With Confidentiality and Non-Competition Agreement




This Severance Agreement is executed as of this      day of             , 2010 by and between Clean Harbors Environmental Services, Inc. (together with its parent and affiliate corporations being hereinafter collectively referred to as the “Company” and                            of                               (“Key Employee”).


WHEREAS, the Company has offered a position of employment to the Key Employee; and


WHEREAS, the Company desires to provide the Key Employee with the severance benefits described herein; and


WHEREAS, as a condition to the Company’s entering into this Agreement, the Key Employee has executed the attached Confidentiality and Non-Competition Agreement attached hereto as Exhibit A;


NOW, THEREFORE, in consideration of the foregoing premises and the agreements set forth below, the Company and the Key Employee agree as follows:


1.                                       Definitions.


(a)                                  “Cause” for termination by the Company shall be determined to have occurred only if the reason for such termination is any of the following:


(i)                                     A material breach of the Key Employee’s fiduciary duty to the Company or an act of fraud, dishonesty or theft upon the Company;


(ii)                                  Willful, persistent or repeated neglect, failure to perform, or violation of duties after having been previously warned of such neglect, failure to perform or violation; or


(iii)                               Entry against the Key Employee of a guilty plea, or a conviction, judgment or order against the Key Employee in any proceeding or action before any court relating to a willful violation of any material law, rule or regulation relating to the business of the Company or any of its affiliates or involving moral turpitude.

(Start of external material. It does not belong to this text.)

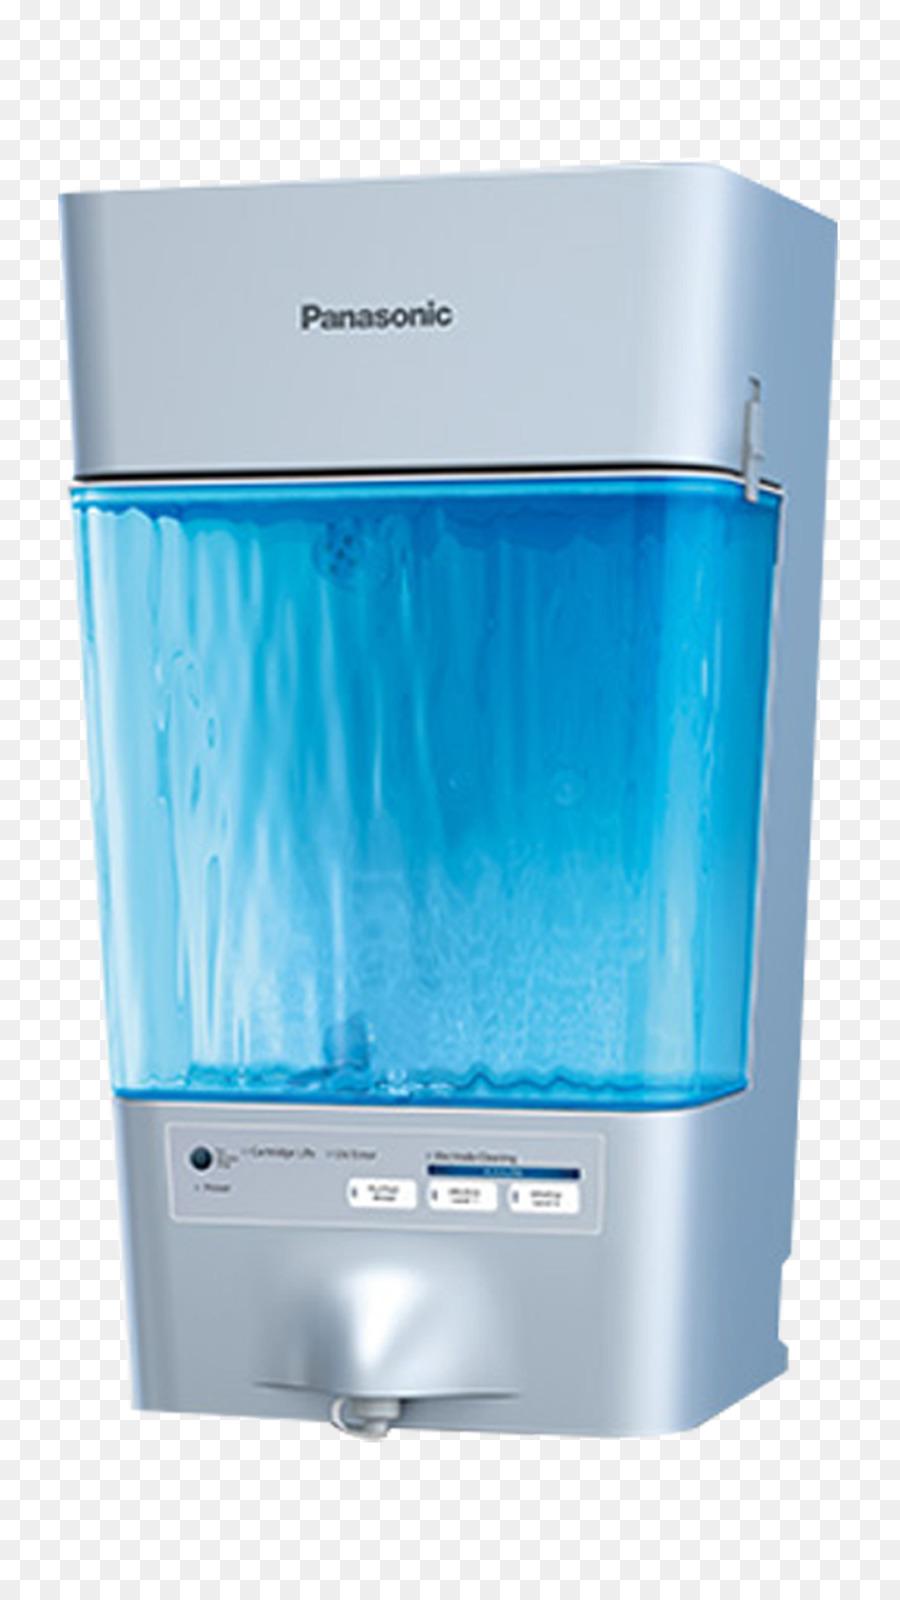 Water Filter Panasonic India Pvt Ltd Water purification Reverse ...

(b)                                 A “Change of Control” shall be deemed to have occurred if the Company is a party to any merger, consolidation or sale of assets, or there is a tender offer for the Company’s common stock, or a contestable election of the Company’s Directors and as a result of any such even, either (i) the directors of the Company in office immediately before such event cease to constitute a majority of the Board of Directors of the Company, or of the company succeeding to the Company’s business, or (ii) any company, person or entity (including one or more persons and/or entitie s acting in



concert as a group) other than an affiliate of the Company, gains “control” (ownership of more than fifty percent (50%) of the outstanding voting stock of the company) over the Company. The concept of “control” shall be deemed to mean the direct or indirect ownership, beneficially or of record, of voting stock of the Company. Notwithstanding the forgoing, it shall not be deemed a Change of Control if the Company is “taken private” whereby the Company’s stock ceases to be registered under the Securities Act of 1933, if the current major stockholder of the Company (Alan McKim) continues to maintain a roll as an Executive Officer of the Company.

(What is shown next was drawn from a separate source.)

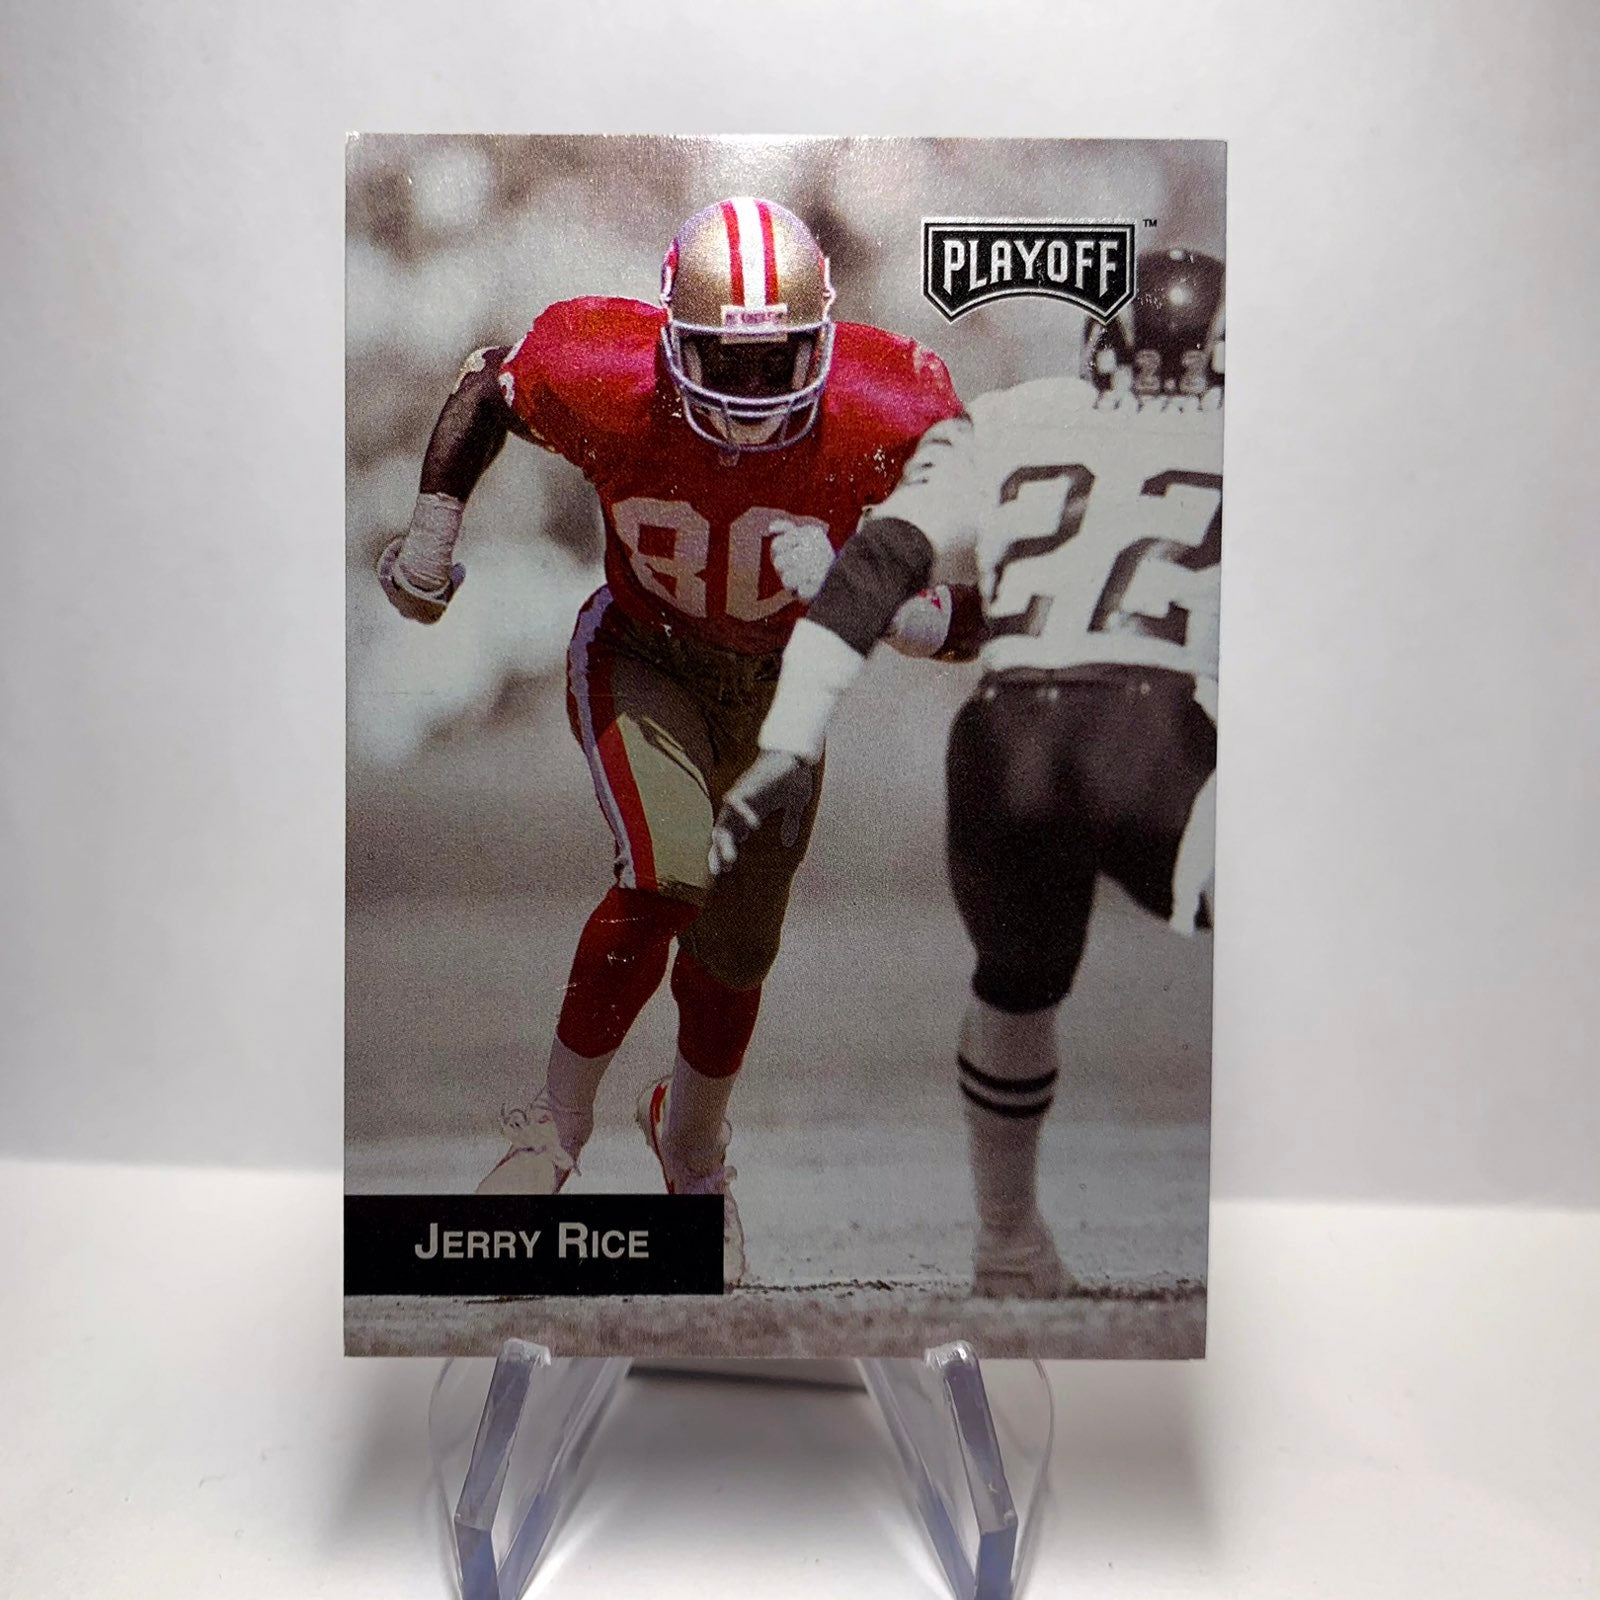 Vtg 1993 Jerry Rice NFL Card

(c)                                  “Disability” shall mean the Key Employee’s inability to substantially perform his or her employment duties, due to a medically determinable physical or mental illness or injury which lasts for, or is reasonably expected to last for, 60 consecutive days or 90 days in any 12-month period, whether or not consecutive. The Board of Directors of the Company reserves the right, in good faith, to make the determination of Disability under this Agreement based upon information supplied by Key Employee and/or his or her medical personnel, as well as information from medical personnel (or others) selected by the Board or the Company’s insurers, which determination shall be conclusive as of its date absent fraud or manifest error.

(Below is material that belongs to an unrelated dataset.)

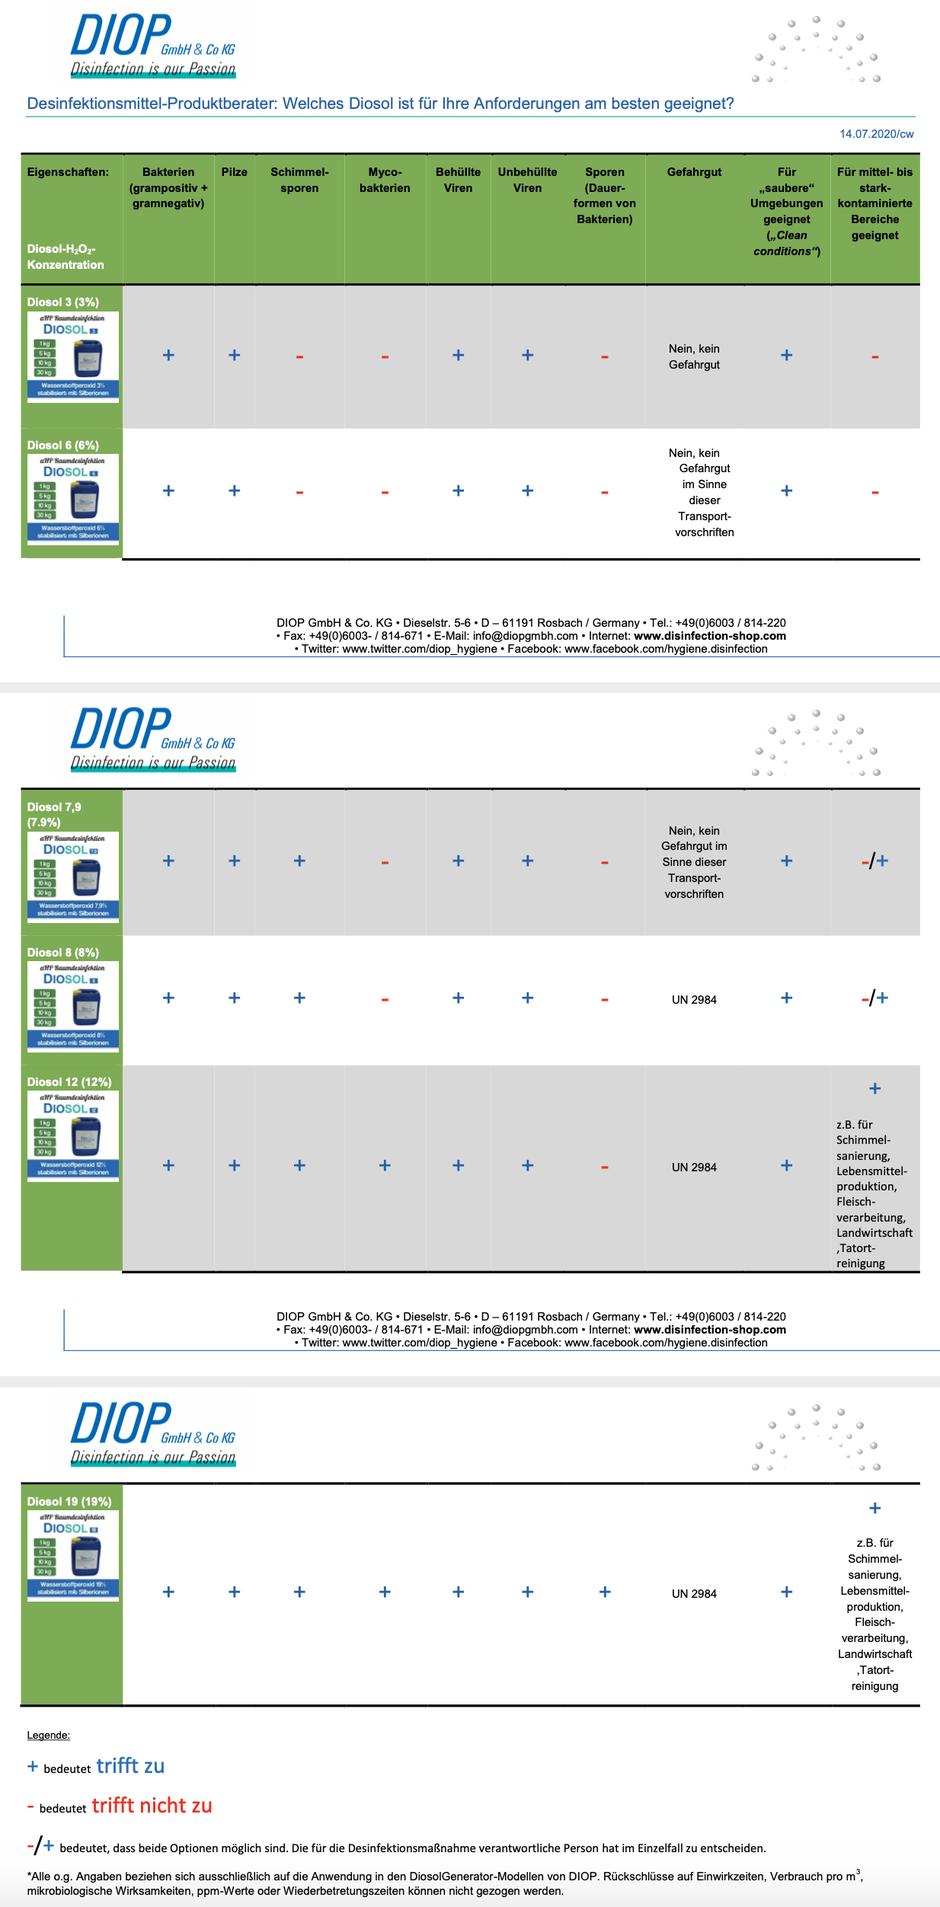 mueden.de, Flächendesinfektion, Bild Desinfektion-Produktberater

(d)                                 “Severance Benefits” means up to one year’s base salary, at the rate in effect at the time of termination of employment (“Base Salary”), plus up to one year of continued medical, dental, life insurance and other benefits, if any, which were provided to the Key Employee at the time of his or her termination of employment and for which the Key Employee is eligible to receive benefits under plans administered by third party providers (collectively “Benefits”), payable as provided below.


2.                                       Termination on or after Change in Control. In the event of a Change of Control, and if, within a period of 30 days after such Change of Control, the Key Employee shall not be offered a position with the Company (or such other entity as may result from such Change of Control, collectively “Successor”) equal to that which the Key Employee held with the Company prior to the Change of Control, the Key Employee shall be entitled to receive Severance Benefits. A position shall not be deemed to be “equal 48; to that which the Key Employee held prior to the Change of Control if such position does not have an equal or better compensation package and job responsibilities, or its primary work location is not within 30 miles of such location prior to the Change of Control.


If the Key Employee shall accept a position with the Successor after the Change in Control and the Successor shall thereafter, within a period one (1) year from the Change of Control, (i) terminate the employment of the Key Employee, except for Cause or (ii) change the Key Employee’s position so as not to be equal to the




Key Employee’s position prior to the Change in Control, the Key Employee shall be entitled to Severance Benefits.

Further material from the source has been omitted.